On Monday, U.S. Rep. Steve Womack attended a pro-Israel lunch at Cross Church in Rogers. On Tuesday, he met with Northwest Arkansas Council mayors and Chamber of Commerce executives in Springdale.

He also toured Mercy Home Health at the Center for Non-Profits at St. Mary's, a new Rogers fire station and Debbie's Family Pharmacy in Rogers. On Wednesday, he visited East Pointe Elementary and East Hills Middle School in Greenwood, and toured the Donald W. Reynolds Crisis Intervention Center in Fort Smith.

On Thursday, he attended the annual Ducommun Inc. employee barbecue and toured Christian T-shirt company Kerusso.

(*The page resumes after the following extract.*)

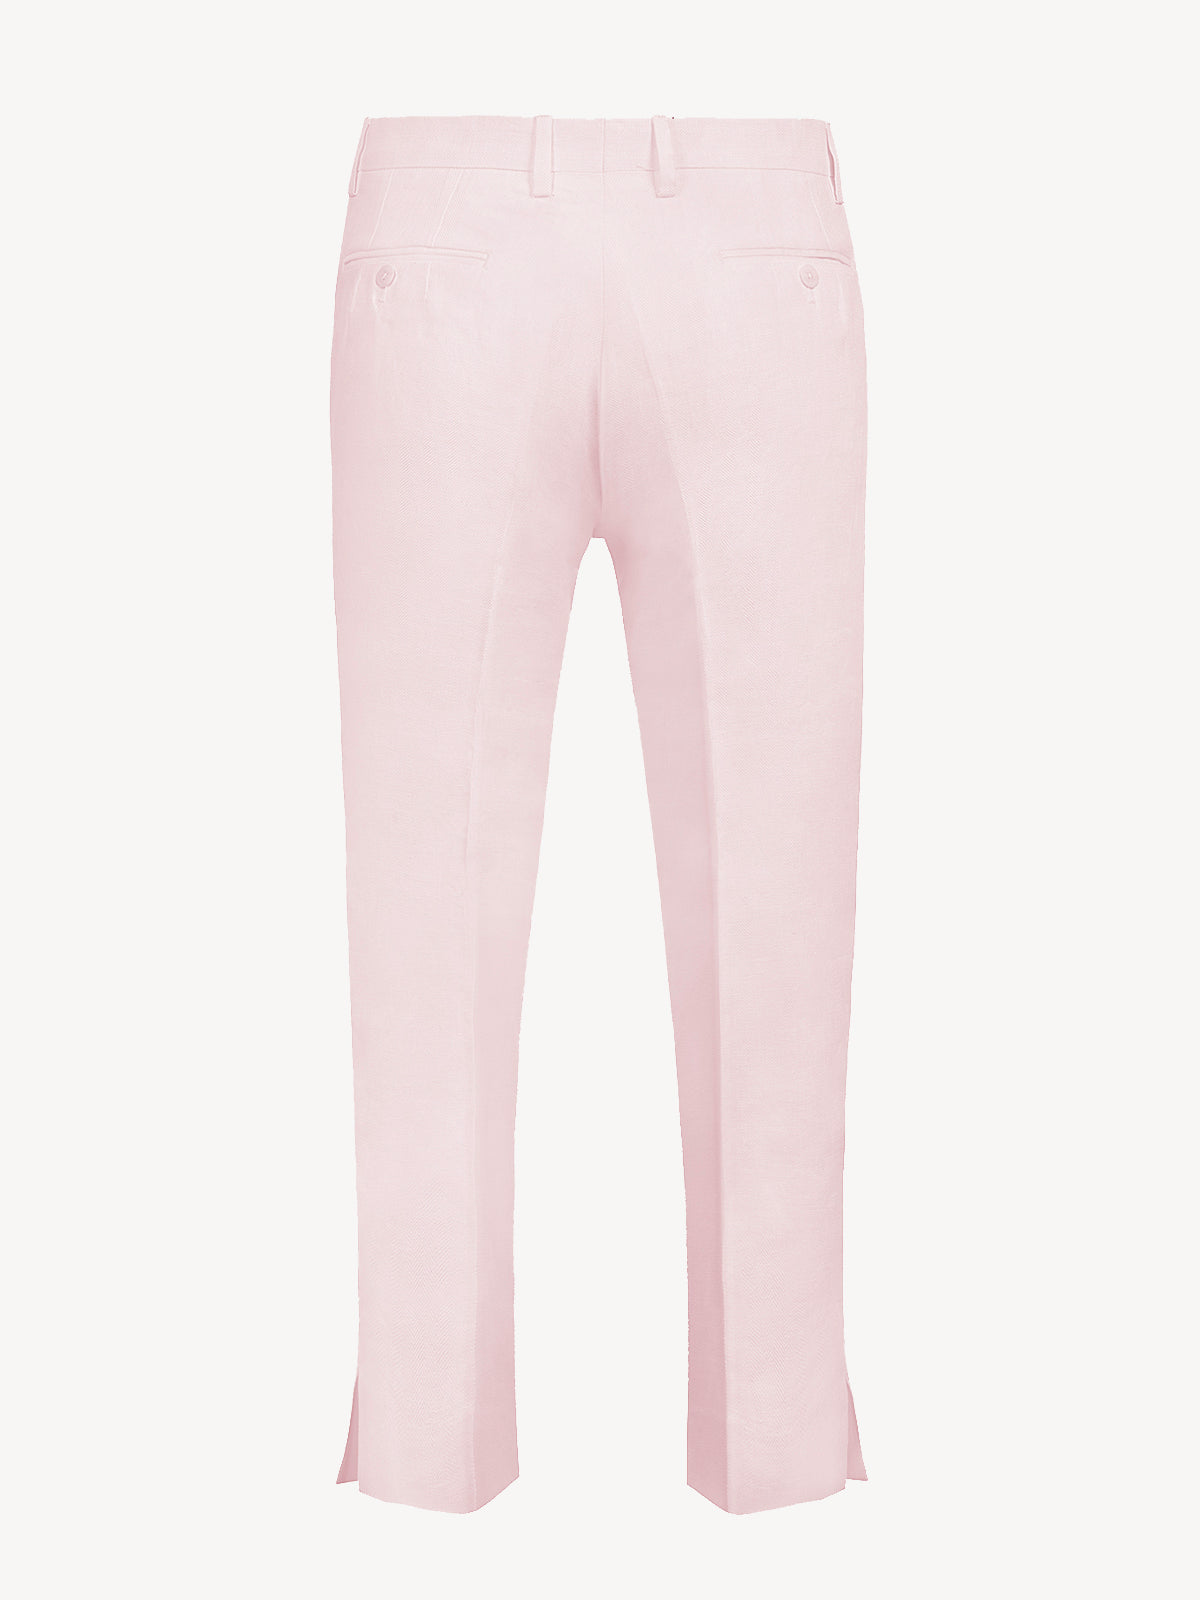 Pantalone New Capri  for woman 100% Capri pink linen pant back

He toured the Central Arkansas Veterans Healthcare System clinic in Russellville on Friday.

On Saturday, Womack was to take his 2-year-old grandson, Kaden, to the Washington County Fair.

U.S. Rep. Bruce Westerman started the week by touring National Park Community College in Hot Springs on Monday, and speaking about Congress and civics to an American government class. He met with management officials at Pilgrim's Pride in De Queen and toured Nidec Motor Corp. in Mena.

On Tuesday, Westerman toured Henderson State and Ouachita Baptist universities in Arkadelphia, had lunch with Arkadelphia Chamber of Commerce officials, and visited Georgia Pacific in Gurdon.

On Wednesday, he toured the Mid-America Science Museum, and put on a brown UPS uniform to ride along with a UPS driver on part of the driver's route in Hot Springs.

On Monday, U.S. Rep. Rick Crawford met with a focus group in Carlisle to discuss the future of drone use in agriculture.

On Tuesday he gave a guest lecture to an Arkansas State University agriculture policy class in Jonesboro.

On Thursday, Crawford attended a ribbon-cutting for a new education program at Cross County School District.

U.S. Rep. French Hill on Monday visited the Conway Area Chamber of Commerce; and toured Snell Prosthetic and Orthotic Laboratory, and DaVita Kidney Care, both in Little Rock.

On Tuesday, he presented the Frank Mitchell Intermediate School in Vilonia with a flag that had flown over the U.S. Capitol and went to the Museum of Veterans and Military in Vilonia before speaking to the Rotary Club of Little Rock.

U.S. Sen. John Boozman visited Cree Fayetteville (formerly Arkansas Power Electronics International) on Monday, and met with area chamber executives and mayors at the Northwest Arkansas Council office.

He also spoke at the Rogers Rotary Club lunch and met with Arkansas World Trade Center President Dan Hendrix.

On Friday, Boozman and U.S. Sen. Jerry Moran, R-Kansas, toured the National Center for Toxicological Research in Jefferson in Jefferson County. Moran is chairman of the Senate Appropriations Subcommittee on Agriculture, Rural Development, Food and Drug Administration and Related Agencies, the committee that determines funding for the center.

U.S. Sen. Tom Cotton visited Israel last week and met with Israeli Prime Minister Benjamin Netanyahu on Monday and Defense Minister Moshe Ya'alon on Tuesday.

He also visited the northern border with Syria on Wednesday.

COTTON STAFF MEMBER

Cotton's deputy legislative director John Martin left Washington last week to become senior health care policy adviser to Gov. Asa Hutchinson in Little Rock.